The model Waltzing Matilda is 14 inches long and made from tasmanian timbers Huon pine, blackwood and myrtle.


----------



## burkhome (Sep 5, 2010)

I know I use the word "INCREDIBLE" a lot in your threads but I can't think of a better word for your work. That console and the windshield wiper are just...well..."INCREDIBLE".


----------



## Longknife (Oct 25, 2010)

No superlatives left to describe your work 

Would be fun to ride that machine in 200 mph.

How long have you been building models and how many have you made?


----------



## diamondt (Feb 16, 2013)

*waltzing matilda*



Longknife said:


> No superlatives left to describe your work
> 
> Would be fun to ride that machine in 200 mph.
> 
> How long have you been building models and how many have you made?


I am glad you like it , I have been making models for about 6 years I
have lost count how many.


----------



## matador55 (Mar 9, 2013)

Hi diamondt,

That is great picture Waltzing Matilda. I was only talking to friend the other day about what happen to that truck. Recar trucks at Archerfield in Brisbane where it was built my mate used work on it. I also went to Gympie to watch it run the engine was that stronge sucked in papers and a lot of other rubbish around the show grounds it was great to watch a wonderful truck. That copy you did Waltzing Matilda it incredible job you have one on it. I would to know where is now. Again excellent job on your. :thumbsup::thumbsup::thumbsup:

Cheers Graham.


----------



## MapleMoose (Sep 25, 2012)

Crazy (in a good way) truck! Awesome model!!!


----------



## Chaincarver Steve (Jul 30, 2011)

I'm almost speechless. Your work is so incredible it's hard to describe without groveling at your feet. Absolutely amazing. And so much more.


----------



## Chaincarver Steve (Jul 30, 2011)

I meant to ask you: how long do you think it took you to build this piece? Weeks? Months?

I imagine it would take ME a year or more to make one that's not even close to the quality of yours.


----------



## Travico (Dec 25, 2012)

You keep this up and one day your creations will end up in the *Smithsonian!*


----------



## Kenbo (Sep 16, 2008)

Okay, my mind is officially blown.

Awesome.


----------



## Dominick (May 2, 2011)

Words can't even describe the detail and realism your vehicles are. You gotta do a build thread. Almost hard to believe this is even possible.


----------



## frankp (Oct 29, 2007)

just. wow.


----------



## Smith Brother (Dec 9, 2012)

Did I read that you have SOLD some of these?

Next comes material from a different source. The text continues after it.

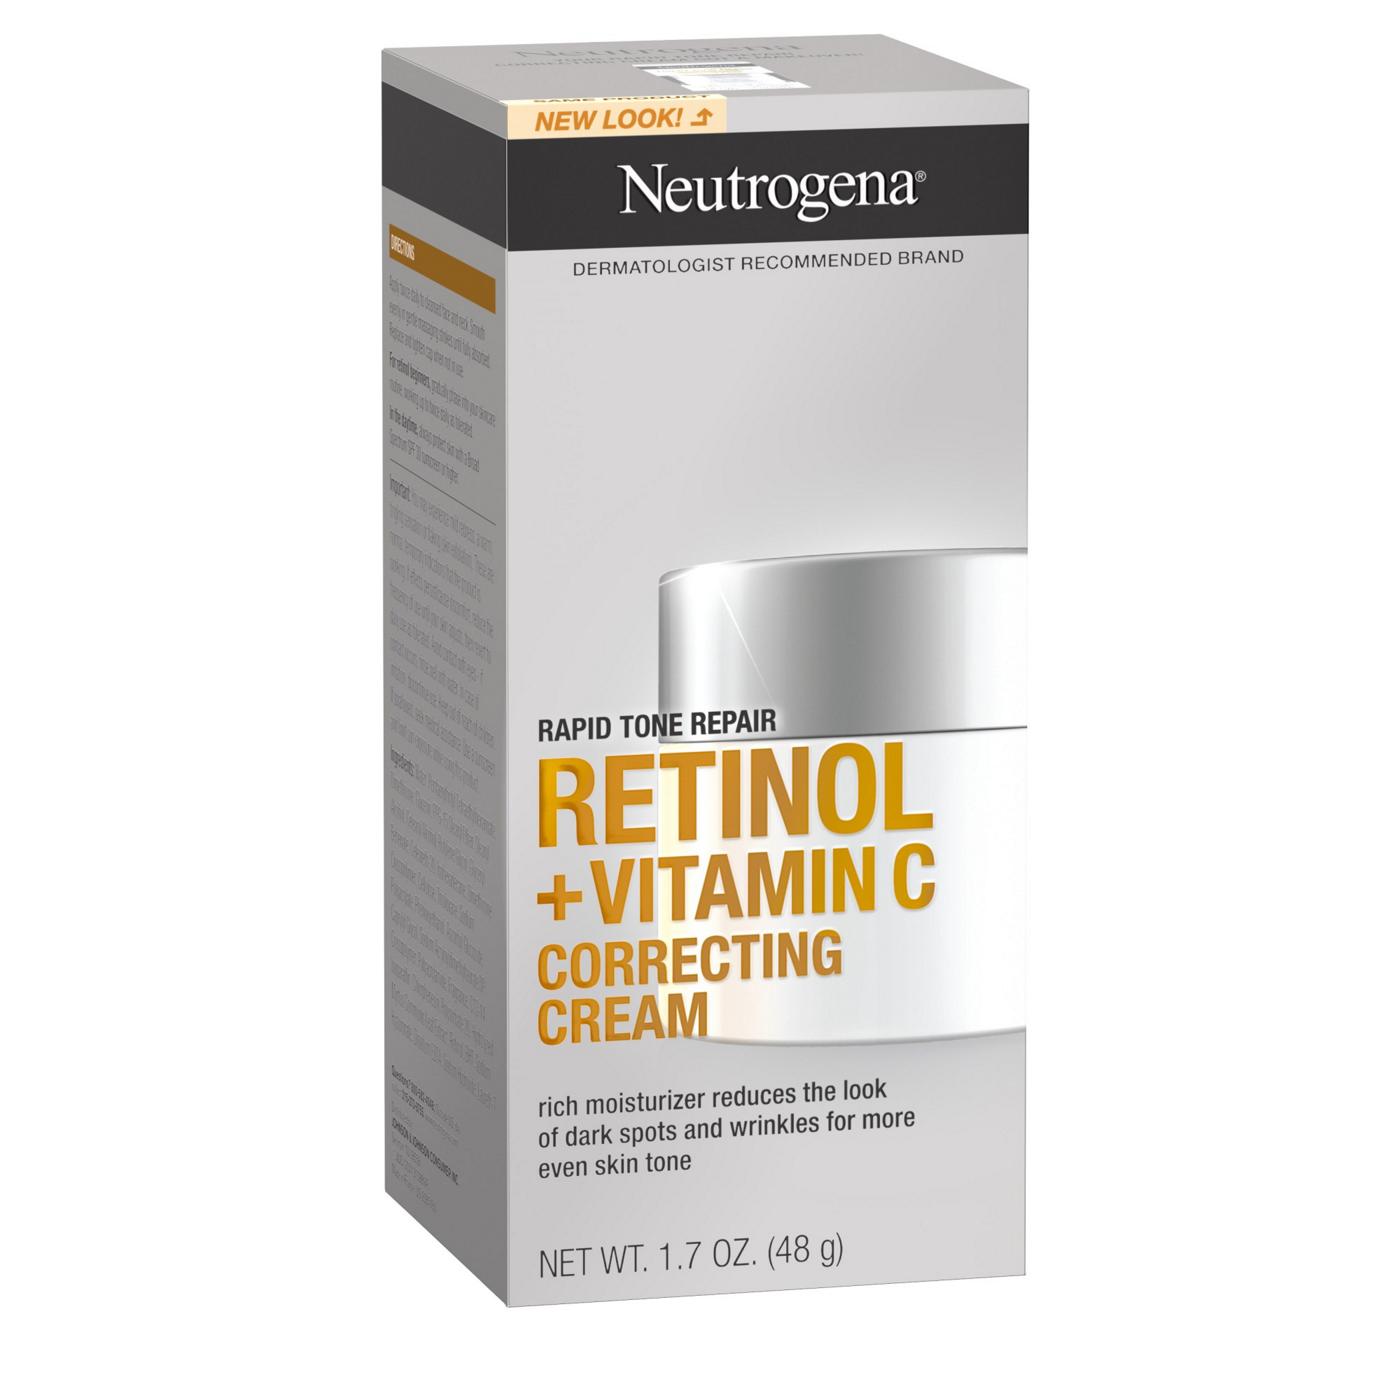 Neutrogena Rapid Tone Repair Retinol + Vitamin C Correcting Cream; image 2 of 8

I'm sure price would vary by model, but would I be rude, in asking what would I expect to pay for one of your builds? 

I would love to own such a piece.

Thanks for hearing me out,

Dale in Indy


----------



## diamondt (Feb 16, 2013)

*waltzing Matilda*



matador55 said:


> Hi diamondt,
> 
> That is great picture Waltzing Matilda. I was only talking to friend the other day about what happen to that truck. Recar trucks at Archerfield in Brisbane where it was built my mate used work on it. I also went to Gympie to watch it run the engine was that stronge sucked in papers and a lot of other rubbish around the show grounds it was great to watch a wonderful truck. That copy you did Waltzing Matilda it incredible job you have one on it. I would to know where is now. Again excellent job on your. :thumbsup::thumbsup::thumbsup:
> 
> Cheers Graham.


Ray Kernaghan ended up with it & travelled around Oz with it at country shows etc and in the end she ended up here in Tassie a bloke 
named Ewan Stephans a bee keeper here at Mole Creek owns her &
he only has the cab & chassis and uses it to cart his bee boxes & honey with it & has the avon jet motor in a shed he is trying to find the rest of the body work and restore it. here is a photo of waltzing Matilda at a truck show in Tassie.


----------



## diamondt (Feb 16, 2013)

Chaincarver Steve said:


> I'm almost speechless. Your work is so incredible it's hard to describe without groveling at your feet. Absolutely amazing. And so much more.


Your works not bad either.


----------



## diamondt (Feb 16, 2013)

Smith Brother said:


> Did I read that you have SOLD some of these? I'm sure price would vary by model, but would I be rude, in asking what would I expect to pay for one of your builds?
> 
> I would love to own such a piece.
> 
> ...


I sold some through craft shops but by the time they take out there commission it wasnt worth it I keep some and give some to mates & to 
family members.


----------



## <*(((>< (Feb 24, 2010)

You sir have a gift! That is amazing work! Thanks for sharing, one can stare at each of the pictures for quite a while taking in the detail!


----------



## gus1962 (Jan 9, 2013)

I am blown away. That is amazing. You have incredible woodworking skills, Bravo!


----------



## GROOVY (Apr 27, 2008)

Lucky mates and family.... perfect work you have there


----------



## chaparral1 (Jan 19, 2014)

Hi Diamondt, 

I actually work for the origional designer/owner/builder of Waltzing Matilda and I would really like to talk to you regarding getting hold of one of these amazing models.

Can you PM me some contact details? 

thanks.


----------



## dave347sprint (Jun 2, 2014)

hi mr Diamondt,,
love your truck,,,
I have ended up here after a google search of waltzing matilda jet truck..
I make things out of scrap and reject steel including a few different trucks,,,and the plan is to do the jet truck next...I was woundering do you have any plans of the jet trucks you have made..if yes would you share them so I could make one from steel.
my trucks have no where near the detail as your ,,but after viewing yours im thinking I should spend a bit more time and increase the amount of details.
following is a link to give you an idea of what I make ,,my style is raw ruff and tuff and unfinished,,,i also use candels inside of some of my pieces ,,instead of using lights at night.

http://ozautobuilders.forum-motion.com/t7506-scrap-steel-model-art

regards Dave


----------